Syria: My Mother, the Accidental Activist
Publisher | Institute for War and Peace Reporting |
Author | Ghalia Eid |
Publication Date | 16 September 2015 |
Cite as | Institute for War and Peace Reporting, Syria: My Mother, the Accidental Activist, 16 September 2015, available at: https://www.refworld.org/docid/55fab8b51f.html [accessed 22 May 2023] |
Disclaimer | This is not a UNHCR publication. UNHCR is not responsible for, nor does it necessarily endorse, its content. Any views expressed are solely those of the author or publisher and do not necessarily reflect those of UNHCR, the United Nations or its Member States. |
My mother is in her late forties, and she can't read or write. She has been attending literacy classes for the past ten years, and now knows the shapes and sounds of the Arabic alphabet, but she still finds it impossible to link the letters together to make words.
She hoards junk in a spare room - old baby strollers, cardboard boxes, plastic bags, even empty toothpaste tubes. She believes these things might come in handy one day.
My mother hates to be touched, and she never hugs me. To her, I am an eccentric, because I am a female activist.
The first time I was arrested by the government, she scolded me in harsh words.
"We aren't as strong as them," she said over and over again. She seemed to think that just repeating that statement would put an end to my rebellion.
The second time I was arrested, her reaction was less fierce, even though I was gone for several days. When I came home, she told me our friend Ayman had disappeared. He had been taken from his house in Eastern Ghouta. The house belonged to my brother, who had been planning to move in there once he got married.
The news seem to shake my mother.
The third time I was arrested, I was gone for a few months. After I was released my mother told me she had decided to end a close friendship, on the grounds that her best friend supported Bashar al-Assad.
In 2011, my friends and I decided to visit Eastern Ghouta to see for ourselves how things were after it had fallen to the government. We turned to my mother for information. She had been visiting my brother's empty house on a regular basis to water the plants, as well as delivering food and money to people in need.
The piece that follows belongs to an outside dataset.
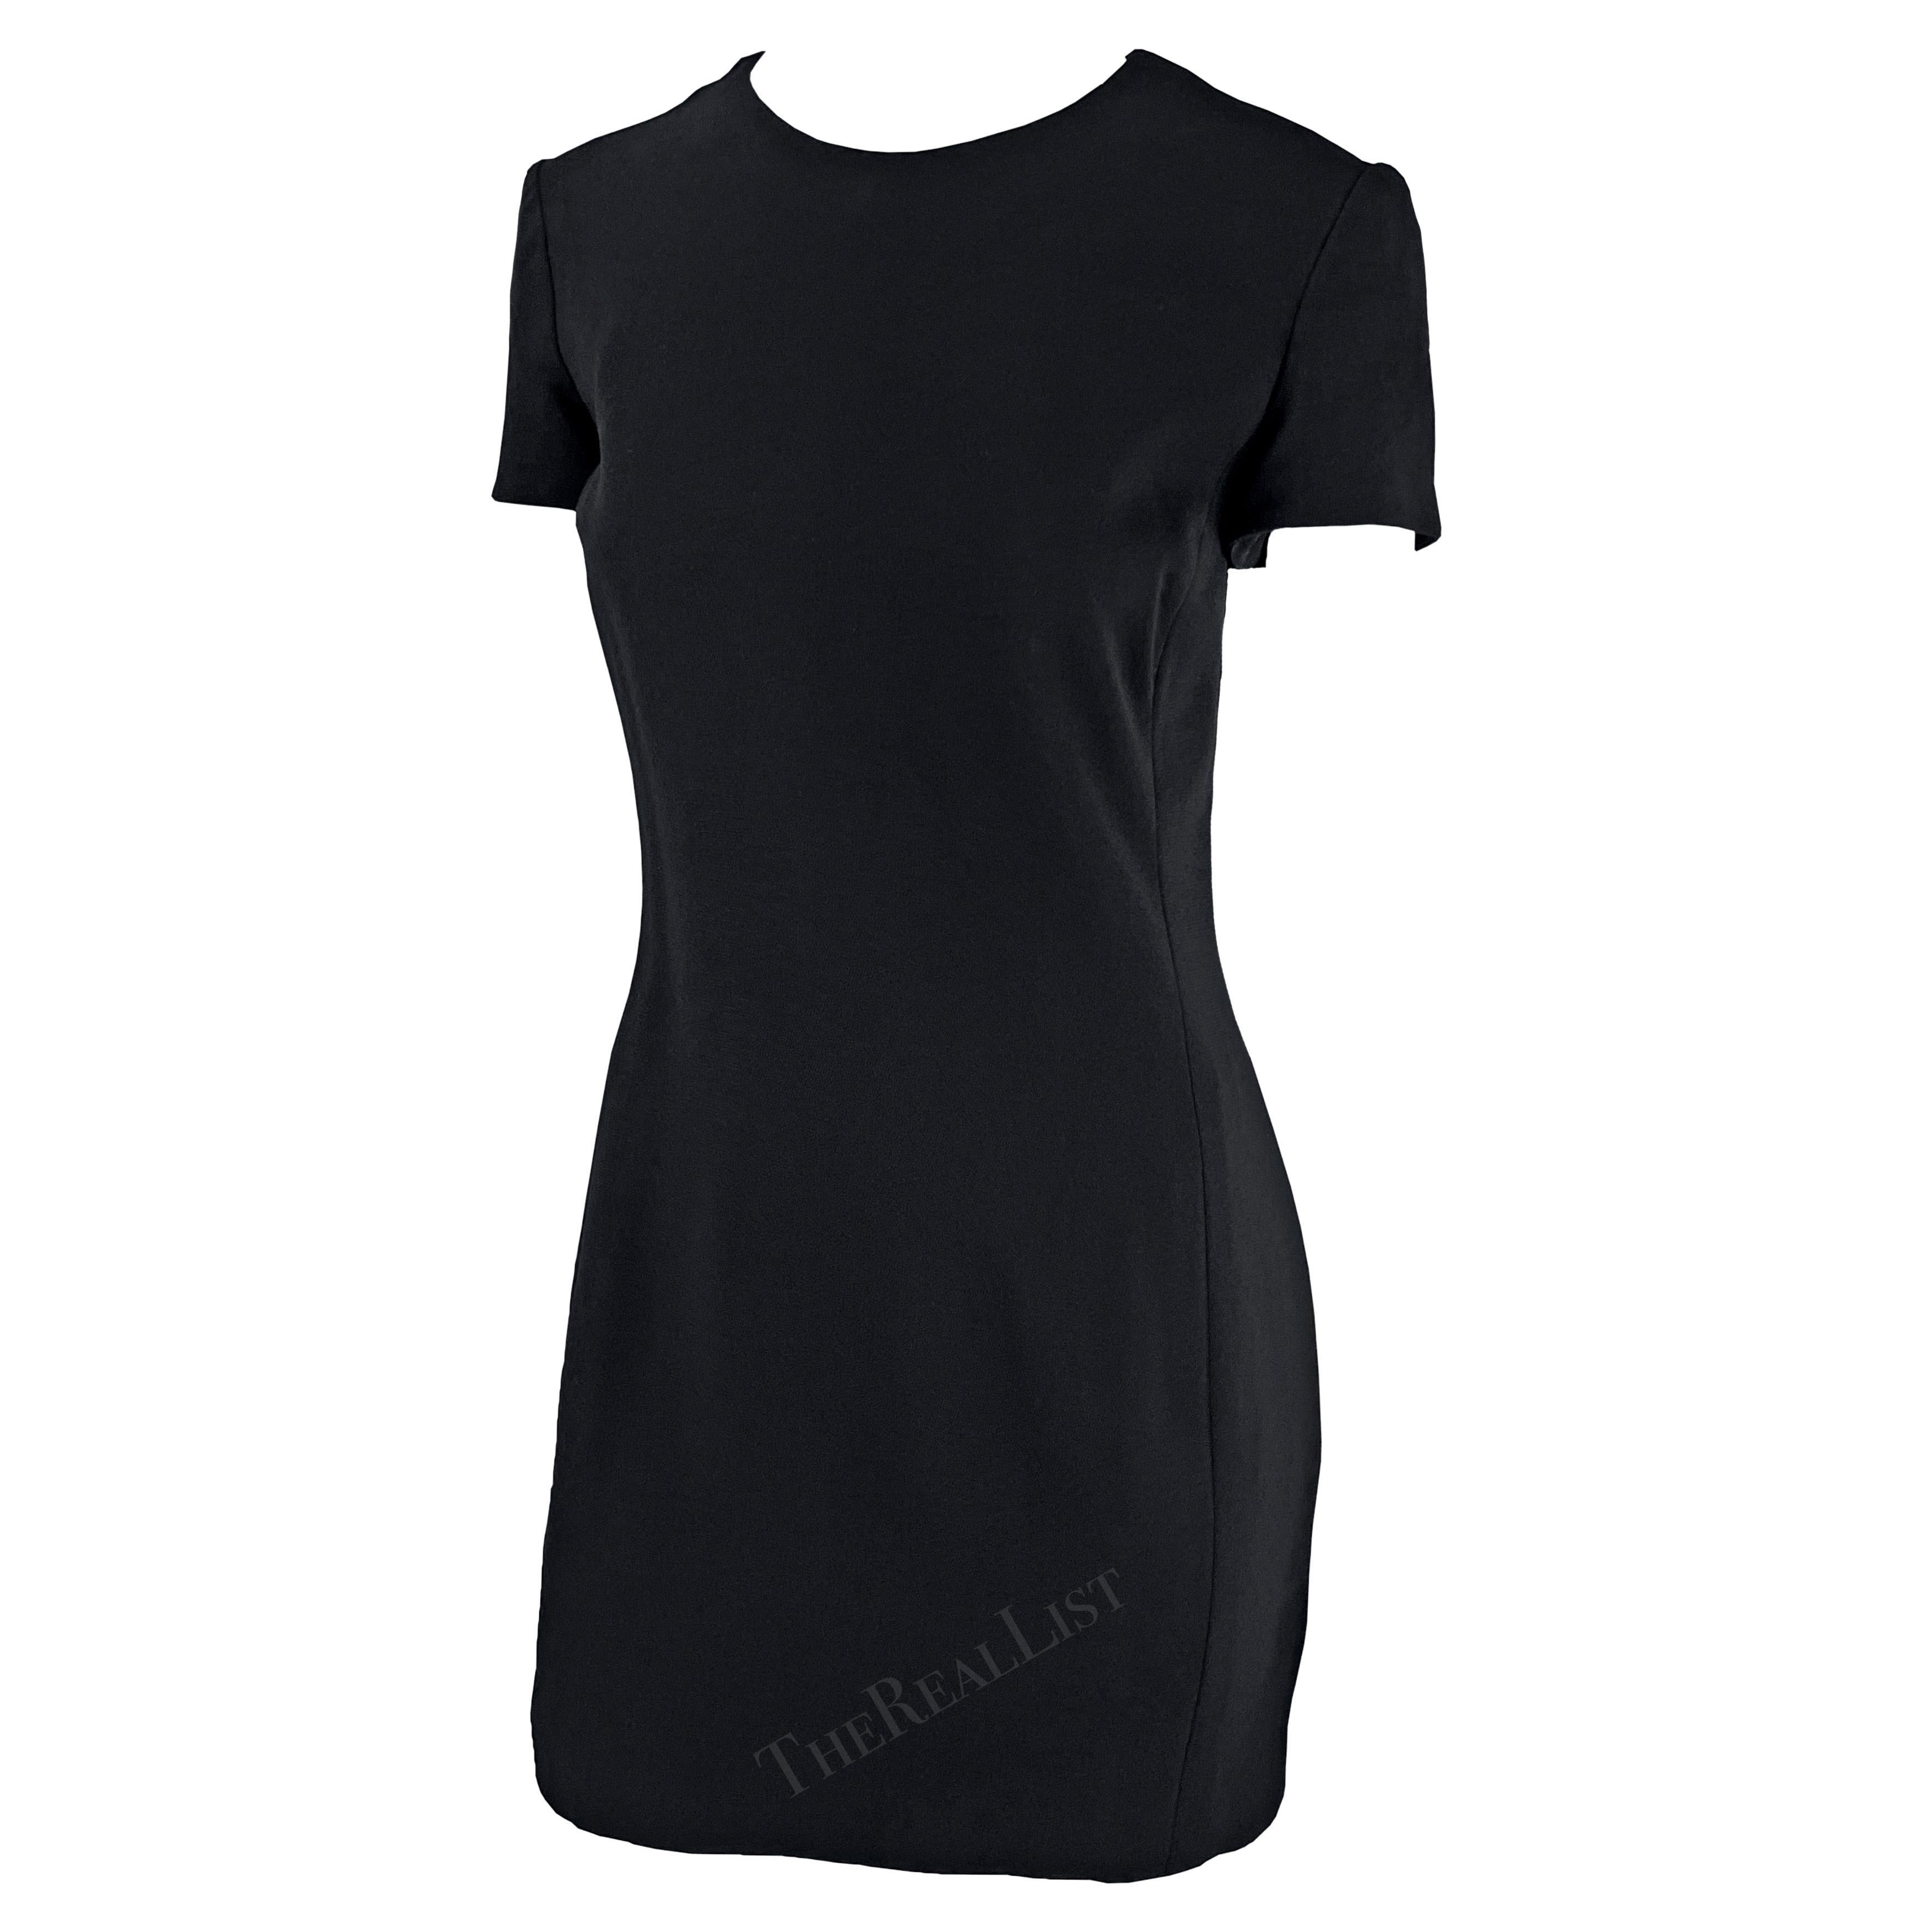 Presenting the perfect Gianni Versace little black dress, designed by Gianni Versace. From the Fall/Winter 1996 collection, this perfectly fitted mini dress features a tapered cut, short sleeves, and a crew neckline. Effortlessly chic and timeless,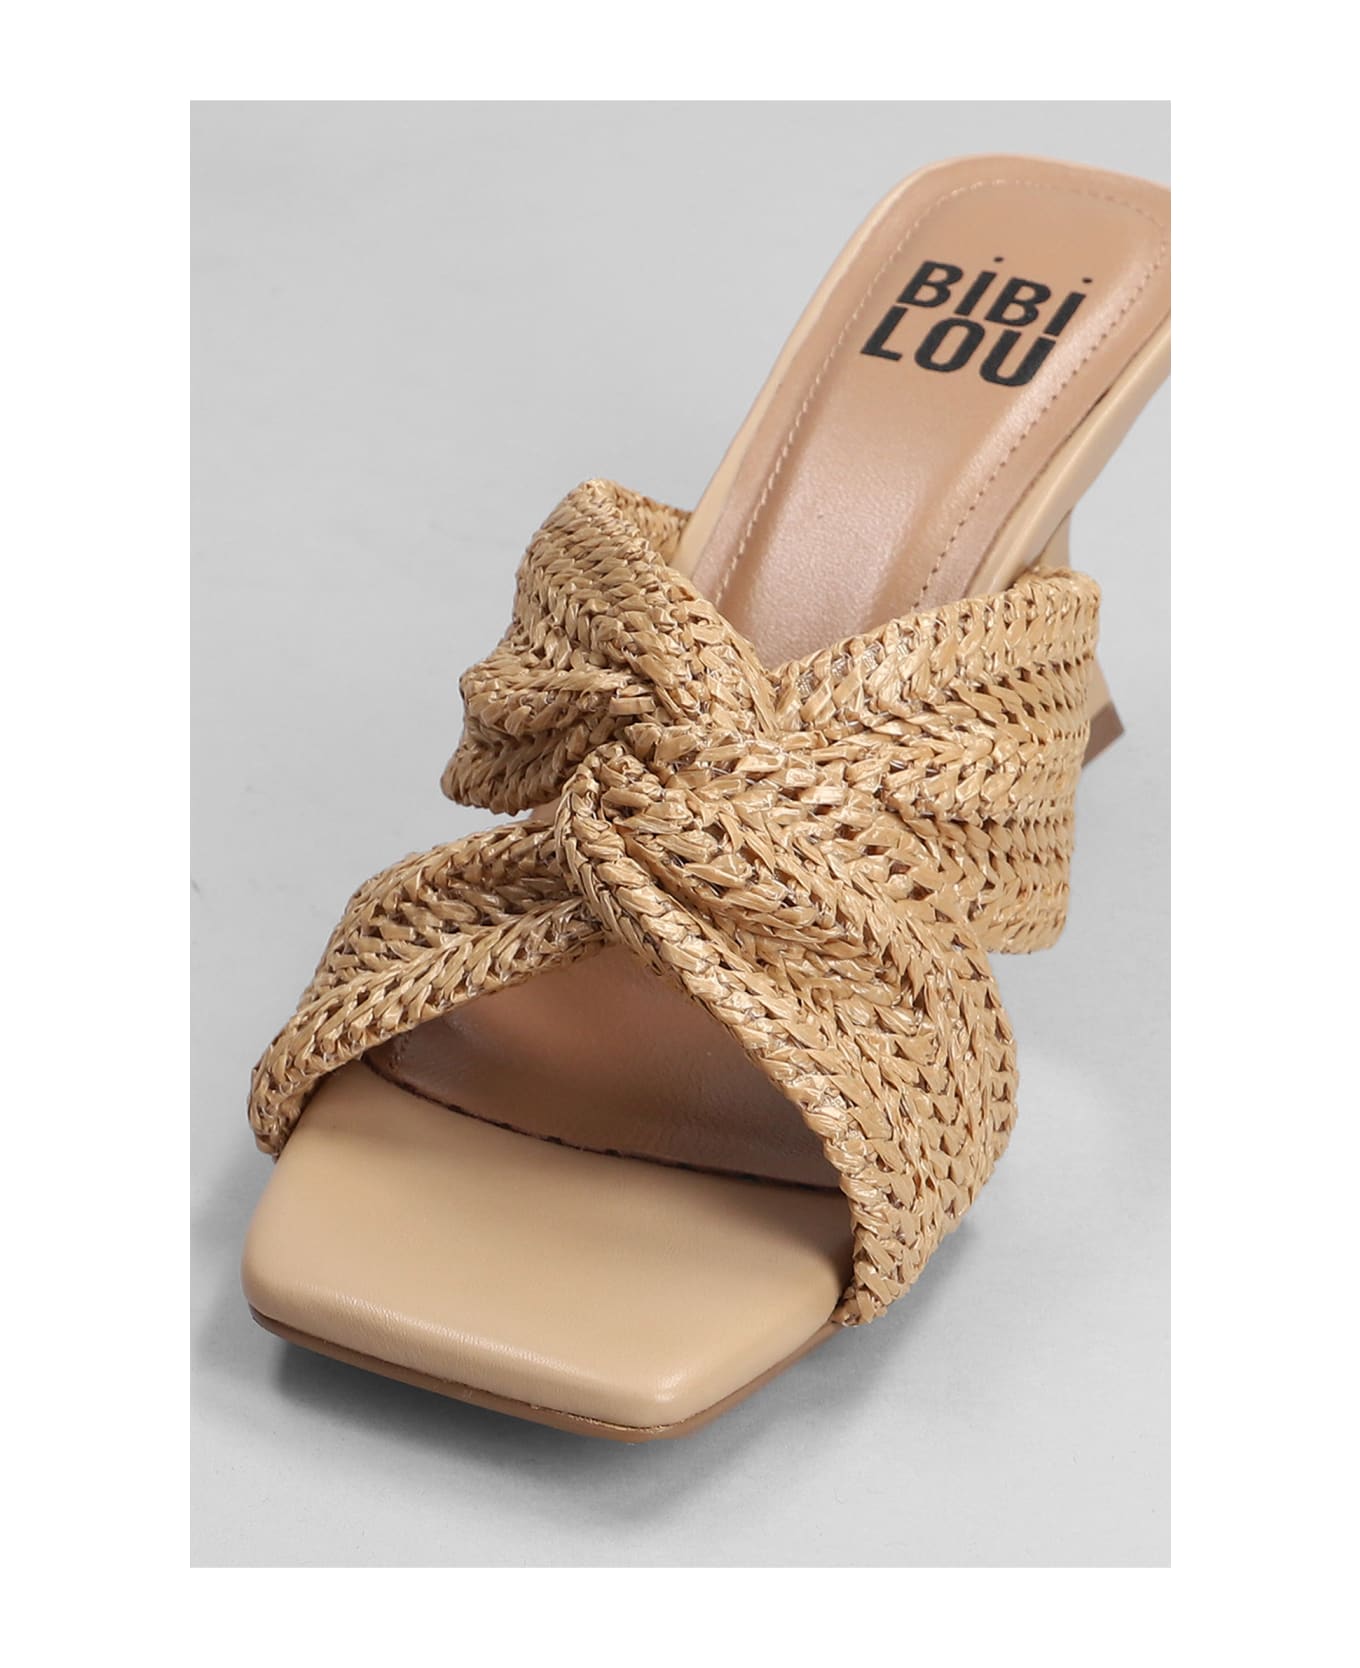 Bibi Lou Sandals In Leather Color Synthetic Fibers - leather color

She told us where checkpoints had been set up, and how strict the soldiers manning them were. She told us which surnames they looked out for, and what the best times to travel back and forth were. She also knew when the electricity would be cut off in the area, and what items residents needed most.
Towards the end of that year, the Free Syrian Army (FSA) grew stronger and managed to regain control of Eastern Ghouta. Residents faced a difficult choice between staying in their homes and leaving the area. Staying meant stepping back in time to a primitive way of life with no prospects of improvement on the horizon, but leaving meant displacement.
Those who decided to move out would occasionally visit their homes in Eastern Ghouta, to collect tokens of their old lives and bring them back to Damascus. Most of them now lived in overpriced rented flats or shared lodgings with their parents, siblings and children.
Up until the end of 2013, when the government imposed a total siege on Eastern Ghouta, my mother visited the area two or three times a week. Despite the short distance between the city and Eastern Ghouta, a suburb, the journey took a whole day.
Every time she got ready to go there, she would ask me, "Is this situation going to last much longer? I'm fed up!" For her, I was a reliable source of information as I was a former detainee.
My mother also began to tell me stories about the arguments she used to have with her classmates at school. Some of them were oblivious to the cruelties practiced by the Assad government, while she was proud not to support criminals and murderers.
On one occasion, she almost got me arrested for a fourth time. We had met an old friend of mine who supported the government. My mother was unaware of this and gave her a meaningful nod, telling her I was an active member of the opposition. My friend told her uncle, who worked in national defence. By some miracle, I wasn't arrested.
It was only then that my mother realised she couldn't talk freely about politics. She wasn't happy about it and complained to me, "So why did you start a revolution?"
My mother continues to follow the news so that she can give me updates over the phone. She uses simple codes when referring to the government. "You know, the people you don't like," she says.
She is a brave, spontaneous person, and her will to survive during the darkest of times never ceases to amaze me. What she does is no less than what any other activist living in Damascus does. She is one of them. She just doesn't know it.
Rafea Salameh is the pseudonym of a Damascus Bureau contributor from Damascus.